Age is a widespread adverse factor in the occurrence of cancer9. Previous studies have shown differences in histological features and prognosis between elderly and young patients with cancer10,11. These findings emphasize the importance of diagnostic age on prognosis, but the impact of age on different tumors and the role of age-related genes in clinical decision-making need to be further explored. Currently, we are concerned about the dramatic and unexplained upsurge in the incidence of CRC among the younger people12. The available evidence suggests that young CRC patients exhibit different disease staging, histological characteristics, and molecular characteristics variation variants than older ones, and that patients with early-onset CRC present with unique genetic characteristics13,14. A previous large population study showed that patients with colorectal cancer under the age of 50 had fewer BRAF V600 mutations than those over the age of 50, which means special consideration and further investigations should be performed15. The identification of prognostic biomarkers is known to be important in guiding patients to systemic therapy for optimal therapeutic benefit16,17. However, the development of prognostic biomarkers for CRC and the evaluation of their predictive role are currently limited18,19. Meanwhile, it is not yet clear whether age-related biomarkers can be applied as prognostic markers in patients with CRC. Therefore, it is crucial to analyze the prognostic value and mechanisms of age-related genes in the CRC.
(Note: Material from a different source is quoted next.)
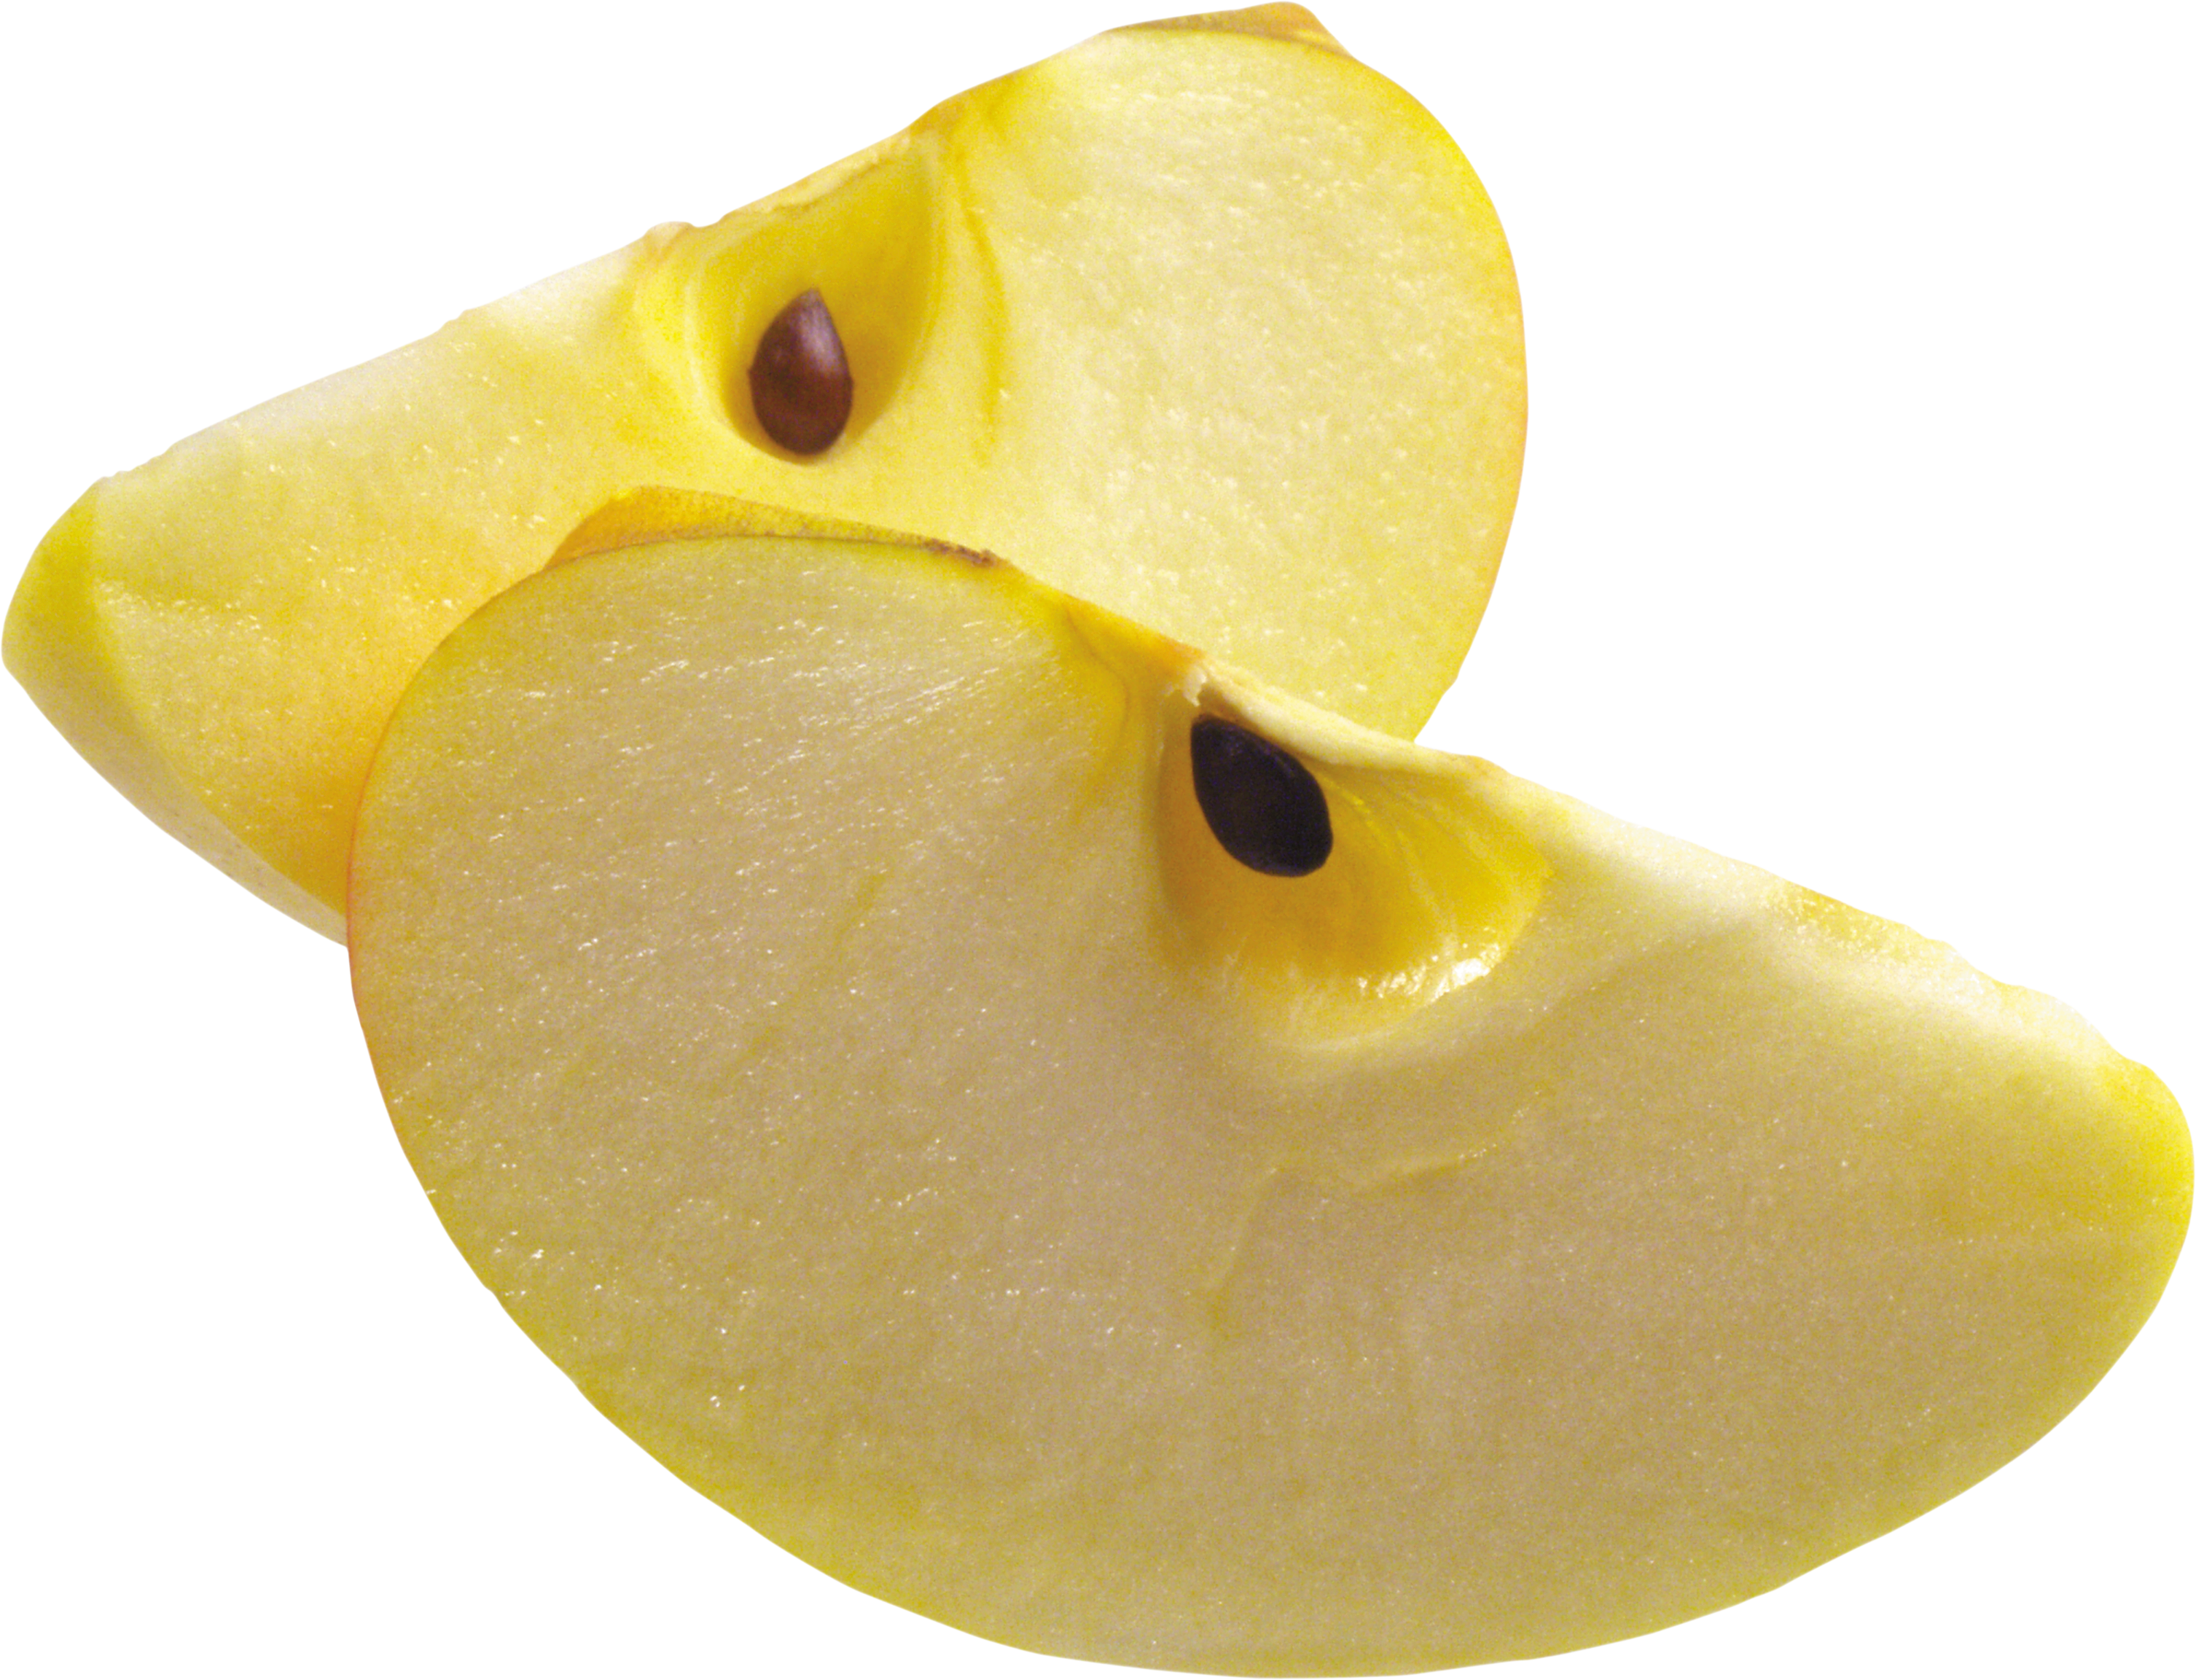 पीले सेब का एक टुकड़ा

In this study, we obtained the transcriptome data and corresponding clinical information of CRC patients from TCGA database, and analyzed the differential expression of age-related genes between normal and CRC patients to explore their potential functions. We further constructed and validated a prognostic model based on differentially expressed age-related genes, and analyzed the biological functions associated with the prognostic signature by GSEA. Finally, genes associated with prognostic signatures were screened by WGCNA, and the key genes. The results of this study provide biomarkers for prognosis in patients with colorectal cancer.

Material and methods

Data processing

We searched the transcriptome data and corresponding clinical data of 41 normal samples and 460 CRC samples from the public database TCGA (https://portal.gdc.cancer.gov/). The database platform have obtained ethical approval of participants and all methods were performed in accordance with the relevant guidelines and regulations. The 460 patients with CRC were divided into old (equal or older than 50 years) and young (younger than 50 years) groups according to the age at initial pathologic diagnosis. There were 407 CRC patients in the old group and 53 CRC patients in the young group (Supplementary Table S1). A total of 444 cases of CRC were selected for subsequent analysis by excluding that the patients who had no survival time or survival status.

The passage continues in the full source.